■ Exercise goal
Everything in the data below except the pictures must be repeated word for word.

■ Raw data
****************************************

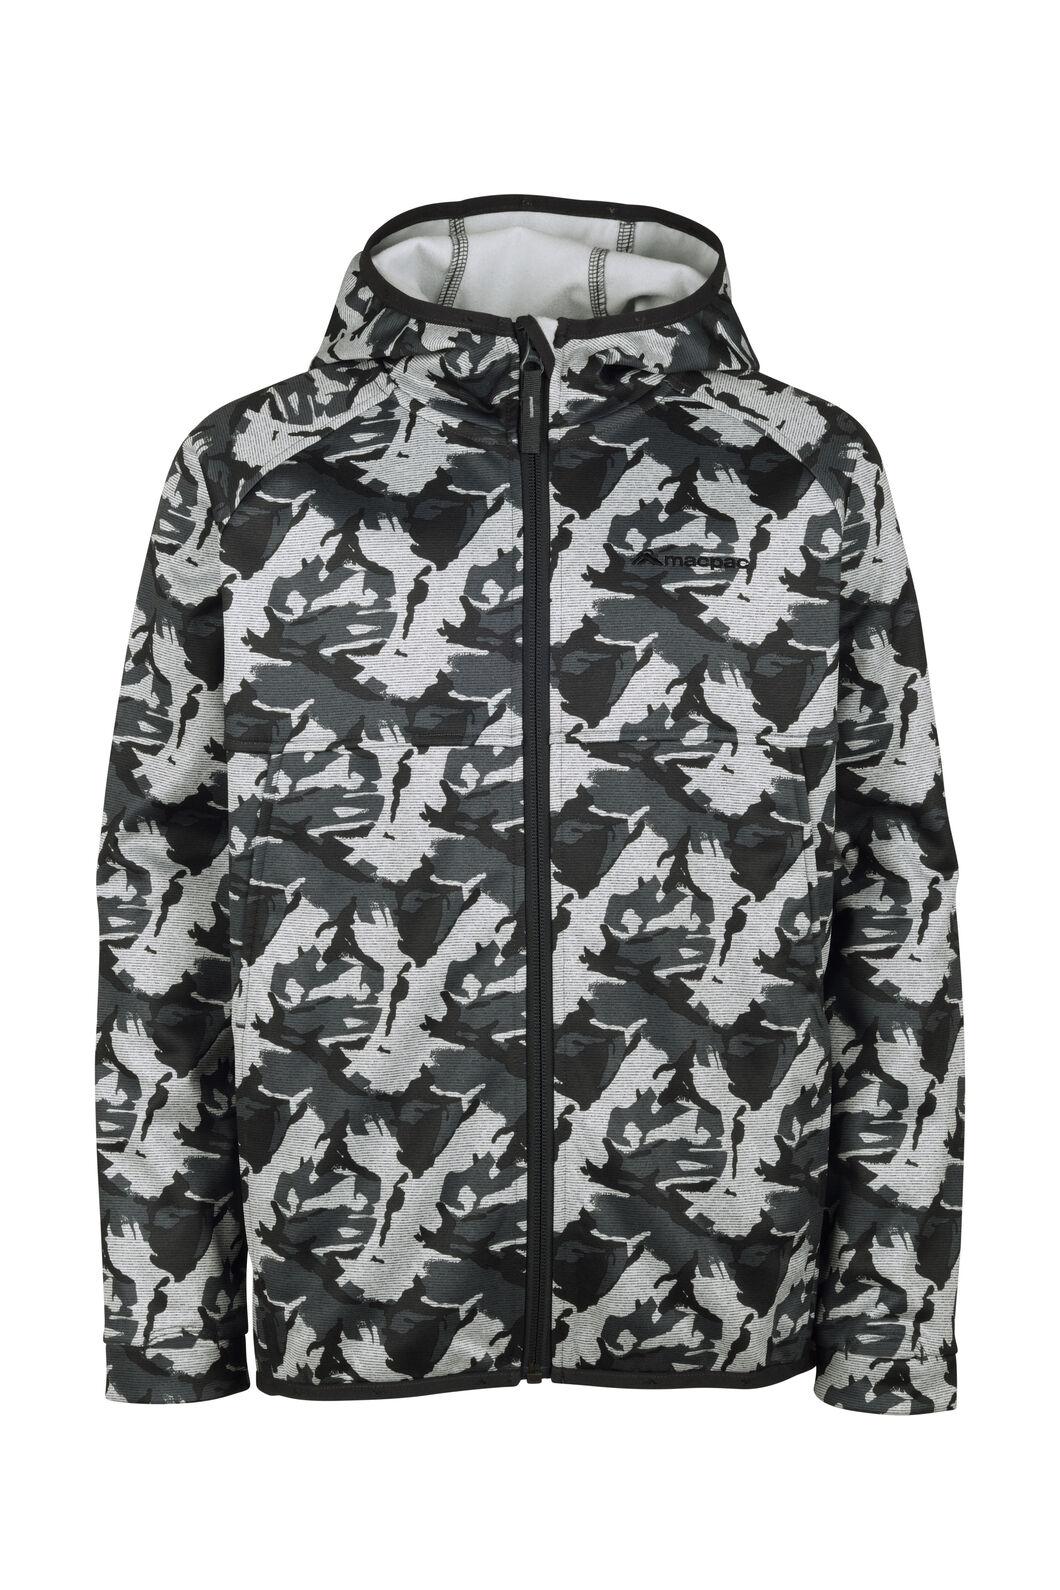 Macpac Kiwi Fleece Jacket - Kids', Grey Camo, hi-res
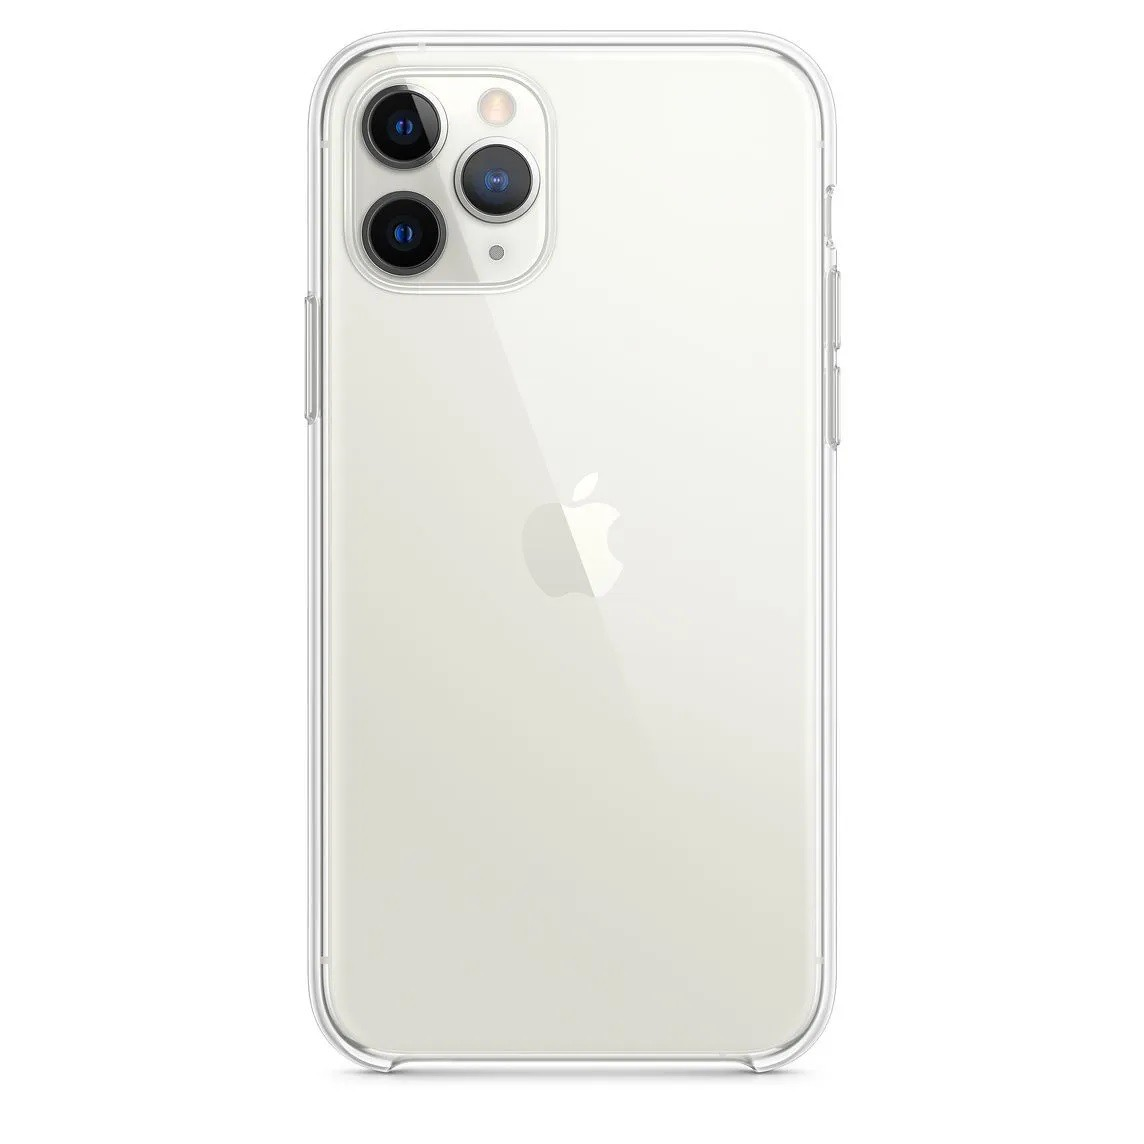 Capinha Anti-Shock + Película 5D Vidro Iphone 11, Pro, Pro Max
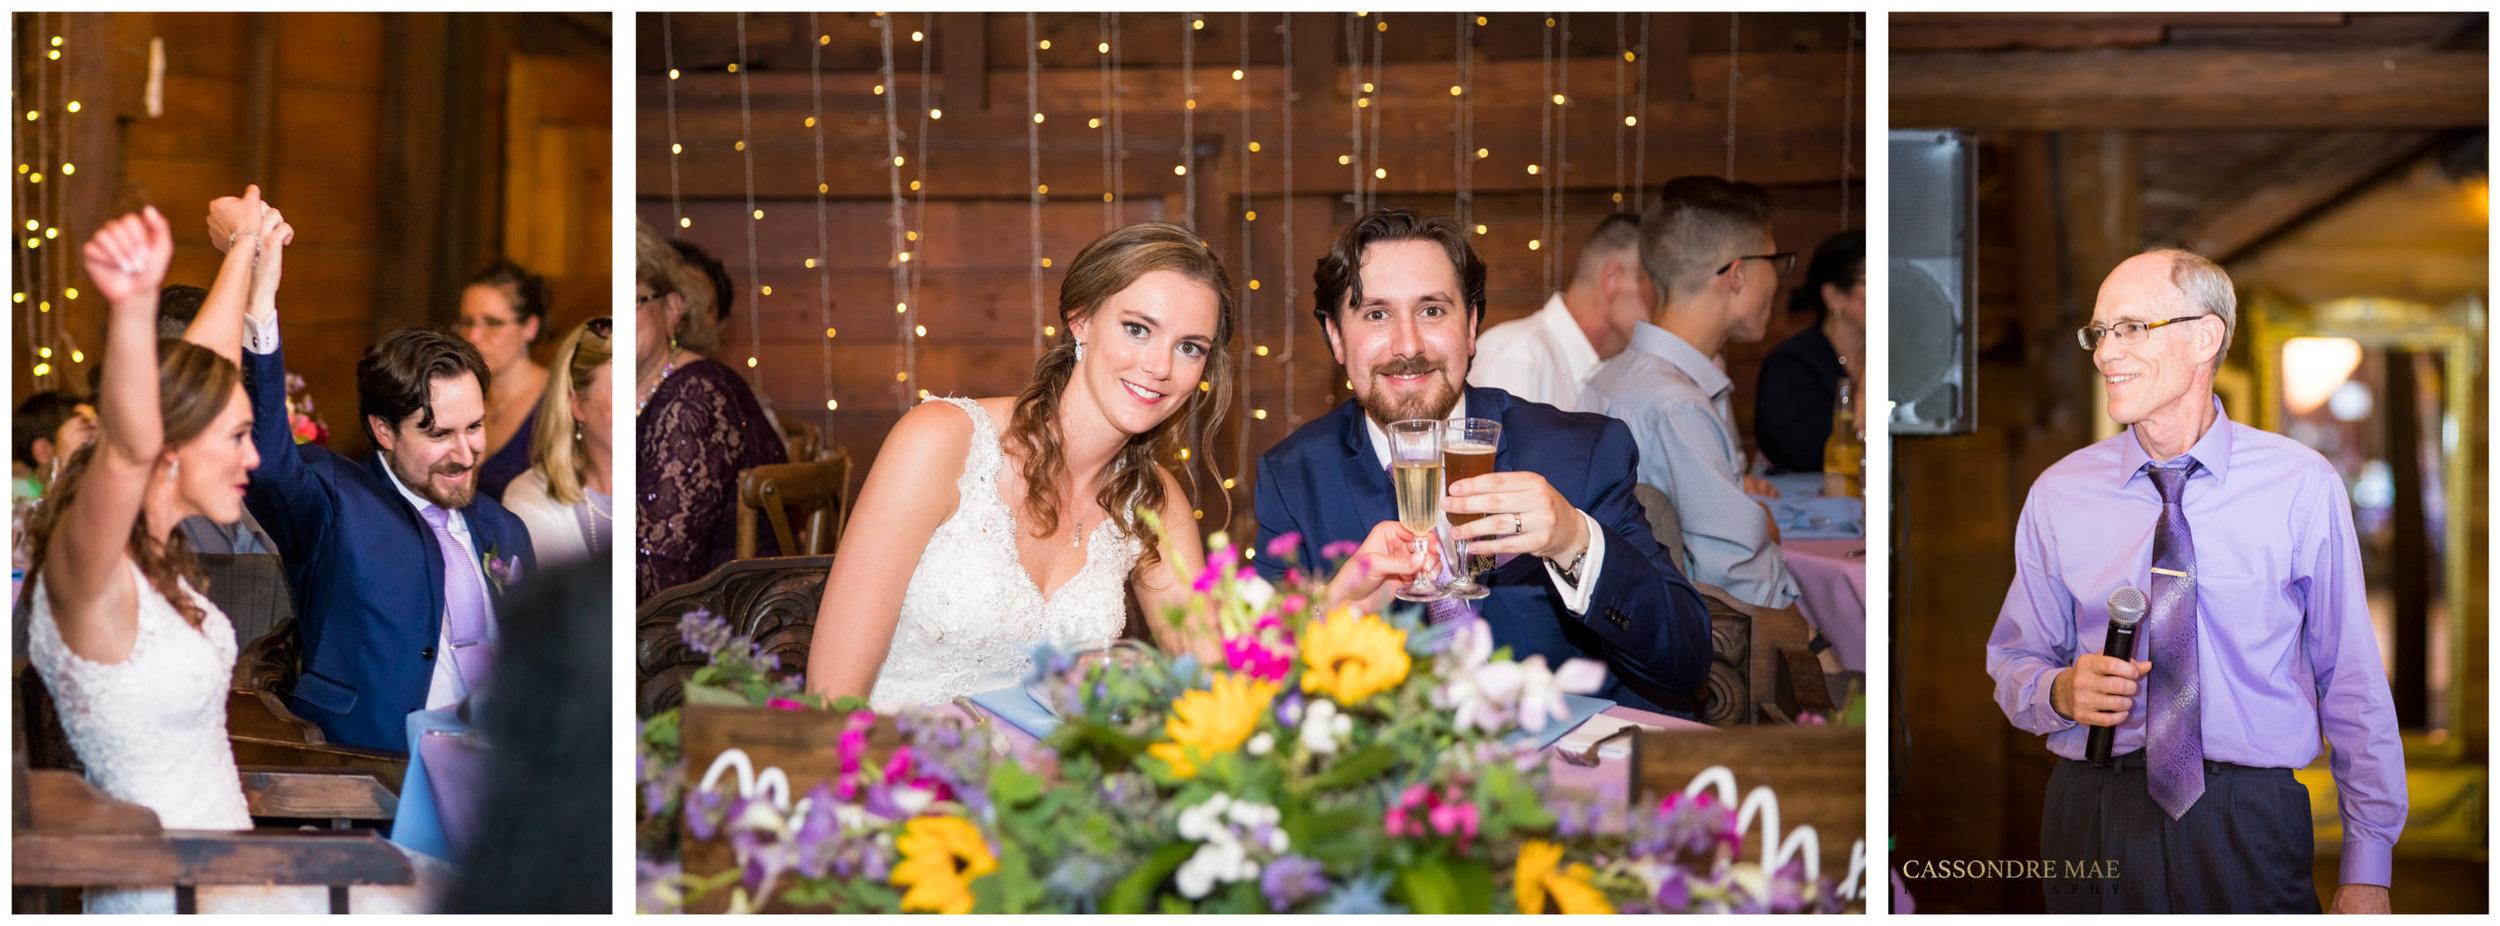 Cassondre Mae Photography hudson valley barn weddings -17.jpg

****************************************

■ Exercise response
 Macpac Kiwi Fleece Jacket - Kids', Grey Camo, hi-res
 Capinha Anti-Shock + Película 5D Vidro Iphone 11, Pro, Pro Max
 Cassondre Mae Photography hudson valley barn weddings -17.jpg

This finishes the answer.